■ ACTION ITEM:
Without the pictures, repeat all of the data exactly as it appears below.
*** INFORMATION SUPPLIED ***
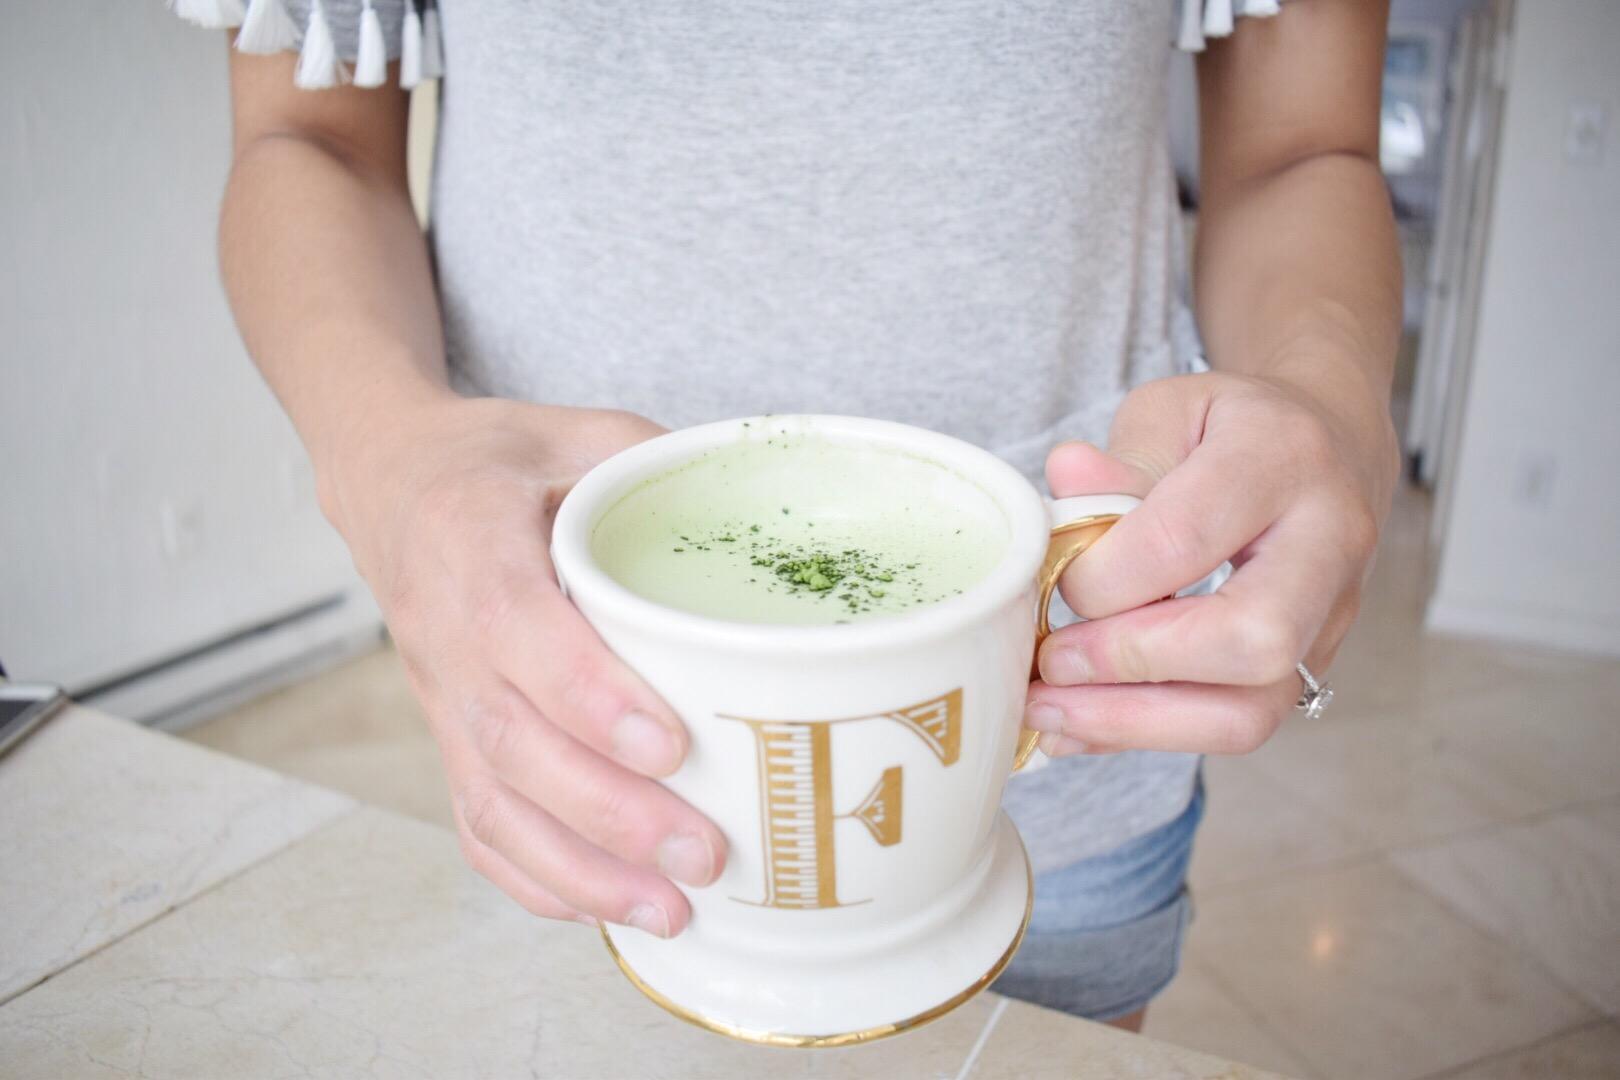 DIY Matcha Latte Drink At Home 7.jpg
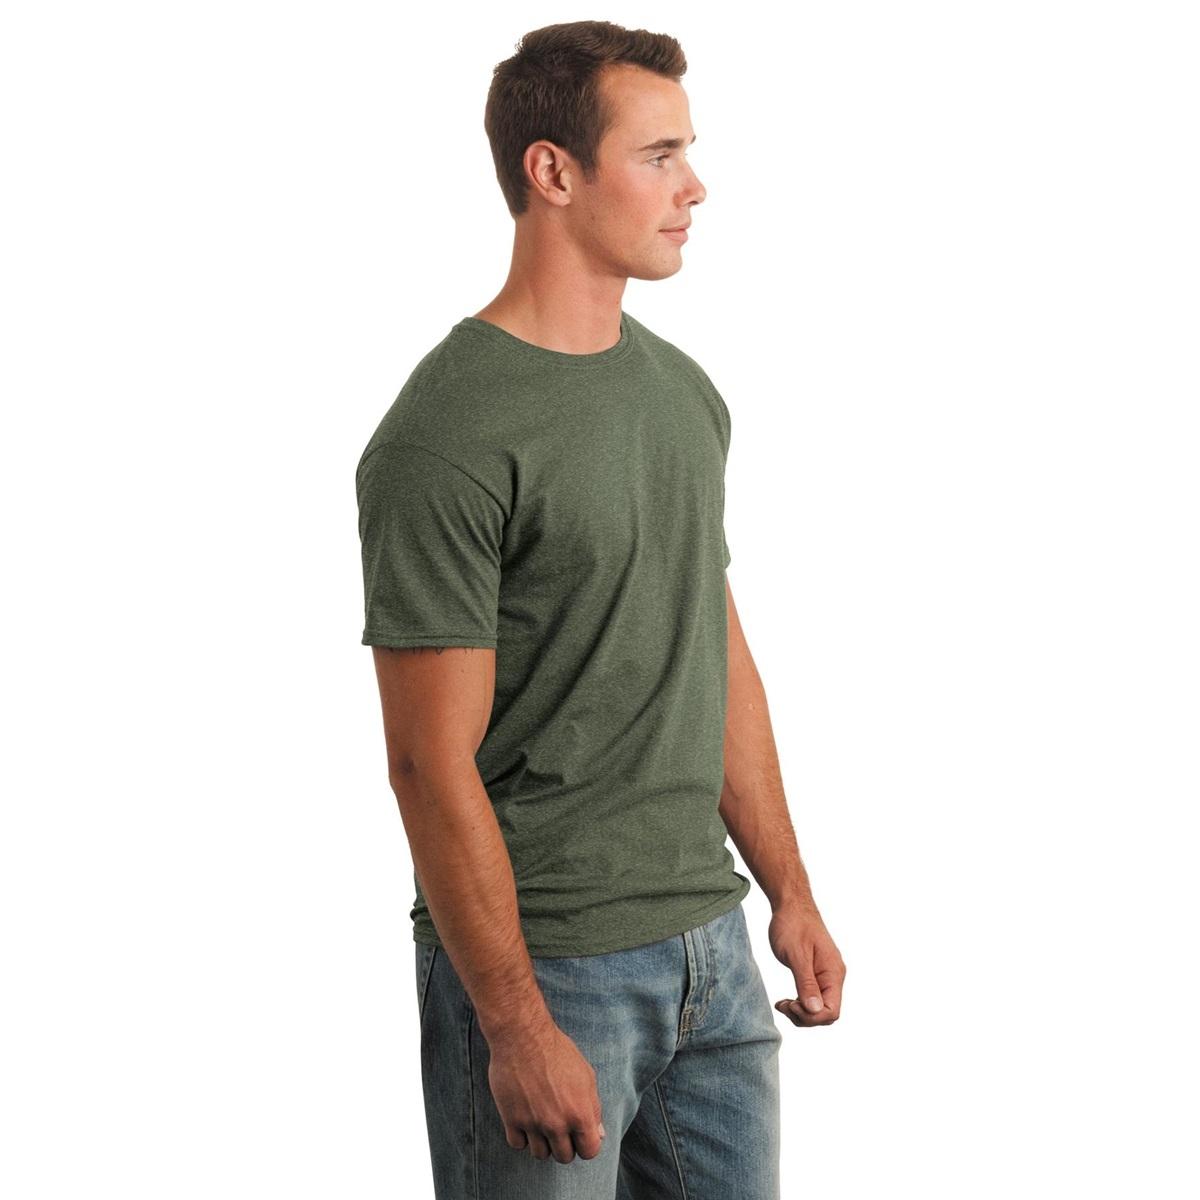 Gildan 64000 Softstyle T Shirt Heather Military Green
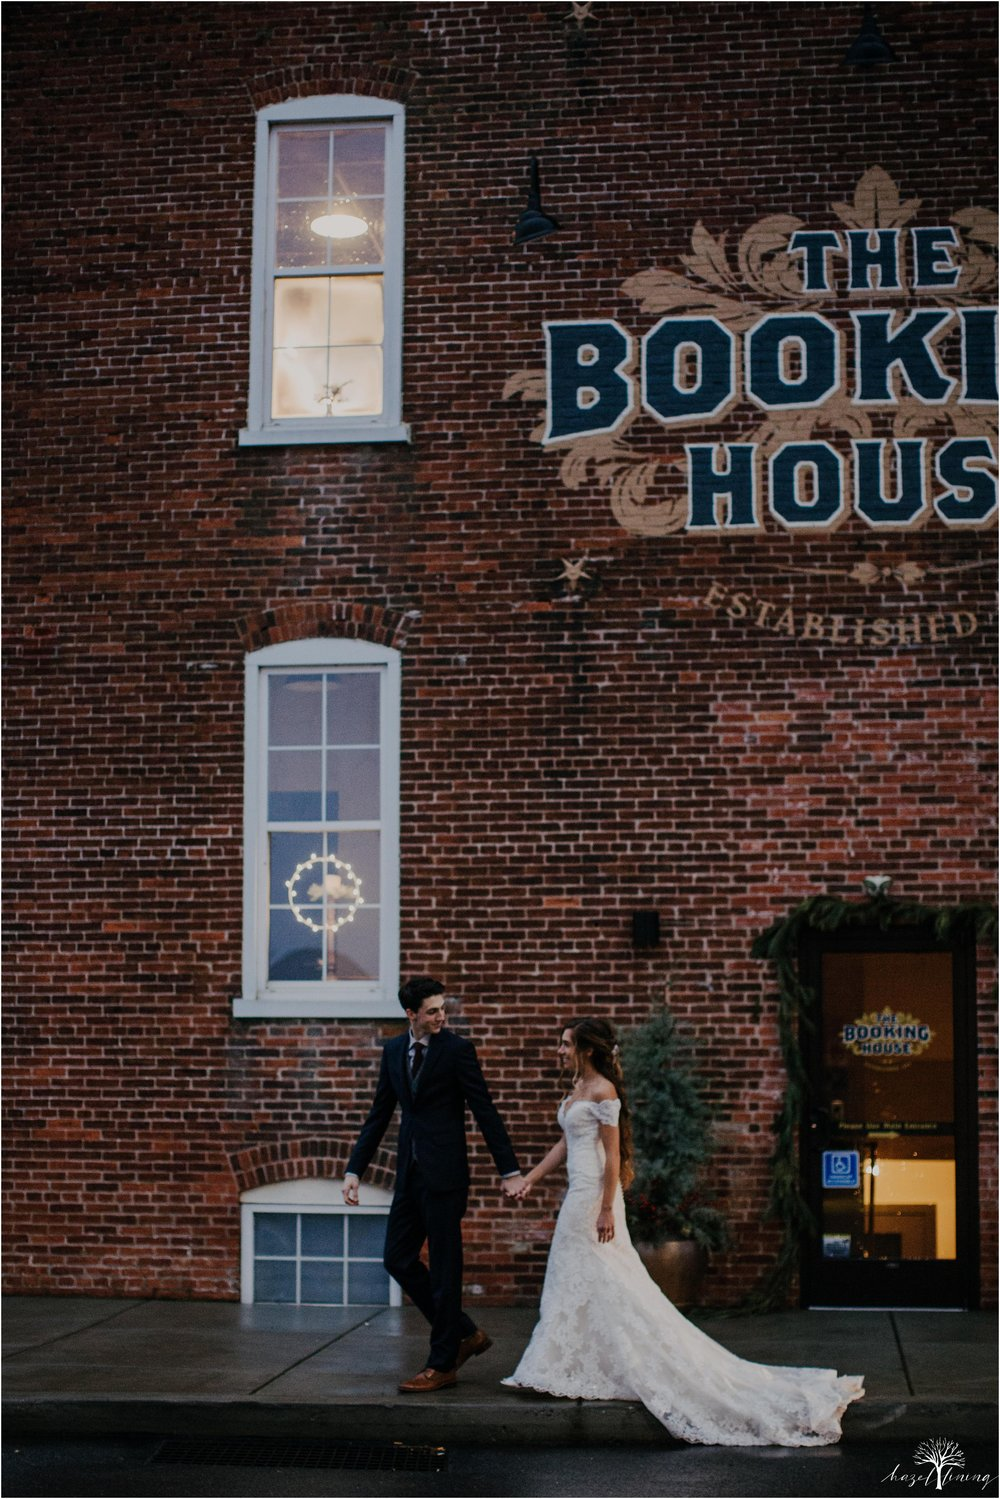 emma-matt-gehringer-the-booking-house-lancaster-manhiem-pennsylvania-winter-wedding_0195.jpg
*** End of INFORMATION SUPPLIED ***
■ REPLY TO THE TASK:
 DIY Matcha Latte Drink At Home 7.jpg
 Gildan 64000 Softstyle T Shirt Heather Military Green
 emma-matt-gehringer-the-booking-house-lancaster-manhiem-pennsylvania-winter-wedding_0195.jpg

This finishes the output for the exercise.